The problem:
Given the entries below, would you transcribe exactly the lines starting at the one with "ねむさん、靴を買う_e0346424_23145879.jpg" and ending at the one with "99721e6d3d60 Altra Men", both kept, pictures omitted, nothing extra?

Task material:
#####

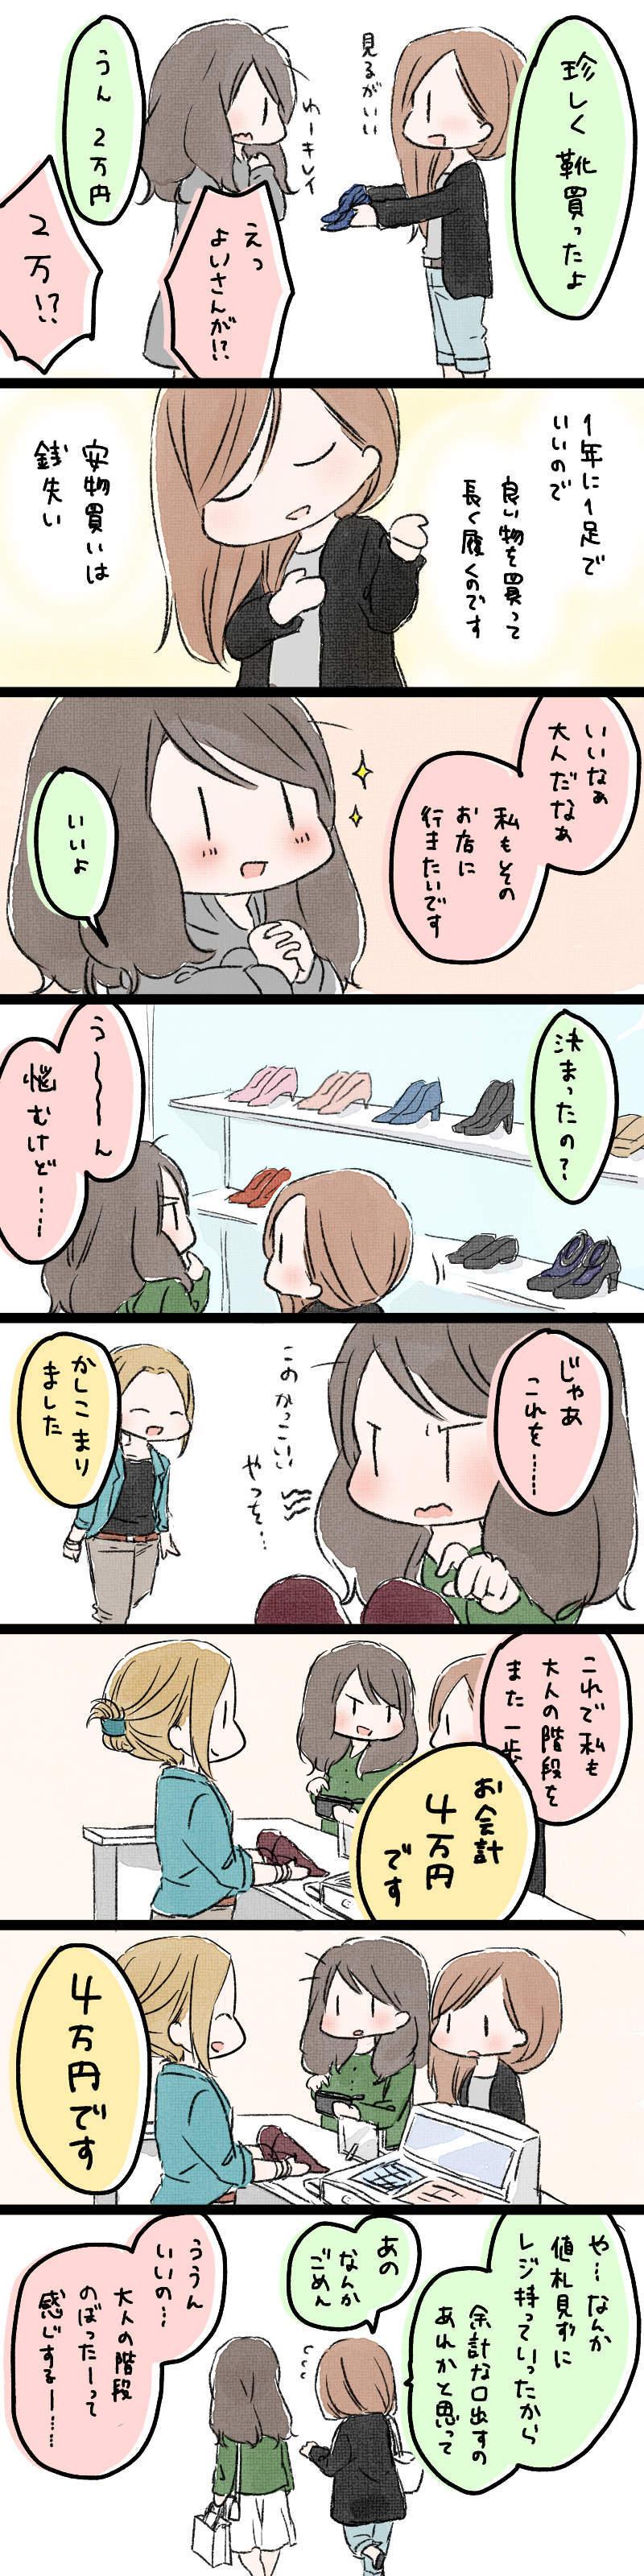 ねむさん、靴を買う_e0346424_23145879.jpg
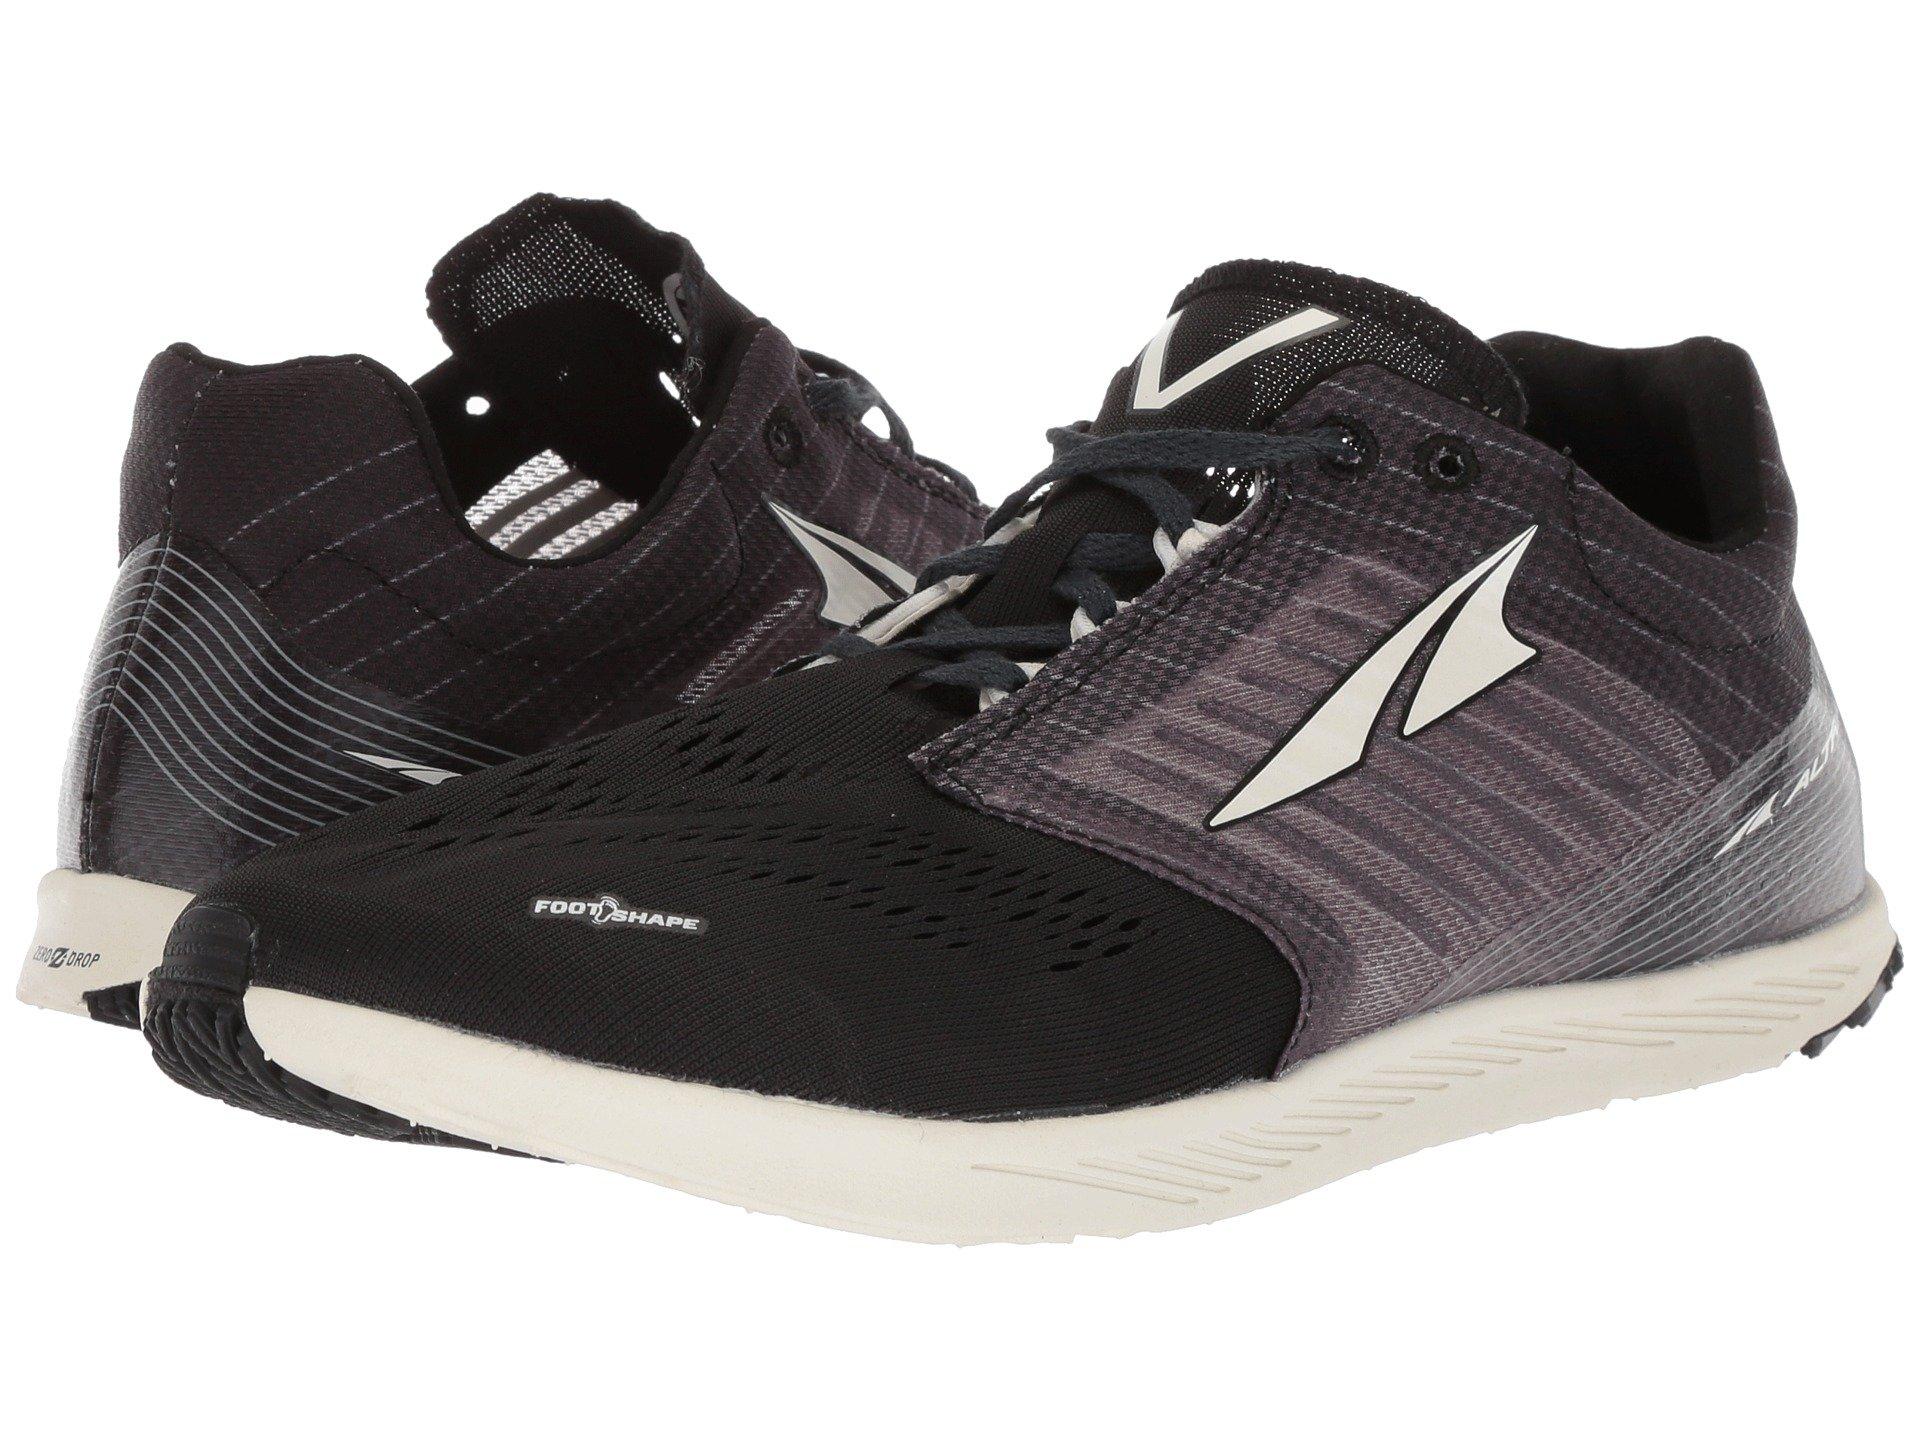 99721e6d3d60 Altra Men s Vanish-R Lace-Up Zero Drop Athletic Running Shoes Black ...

#####

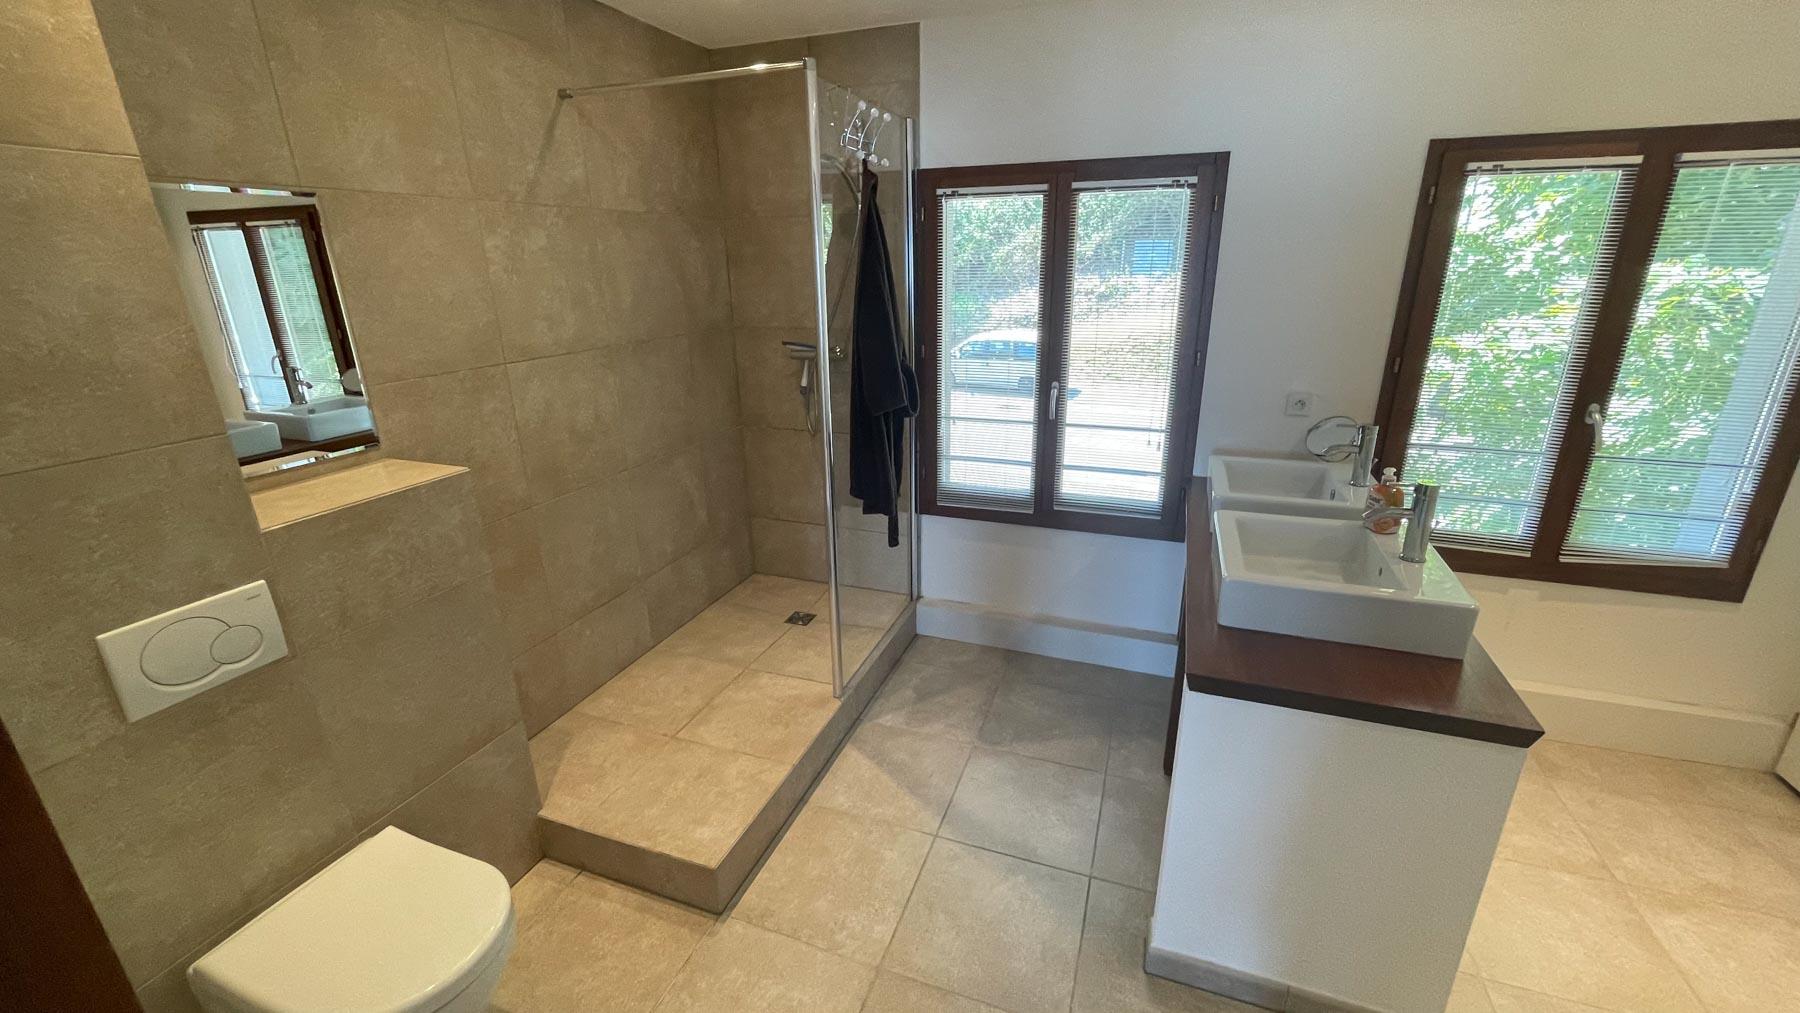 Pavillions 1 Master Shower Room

#####

Answer section:
 ねむさん、靴を買う_e0346424_23145879.jpg
 99721e6d3d60 Altra Men s Vanish-R Lace-Up Zero Drop Athletic Running Shoes Black ...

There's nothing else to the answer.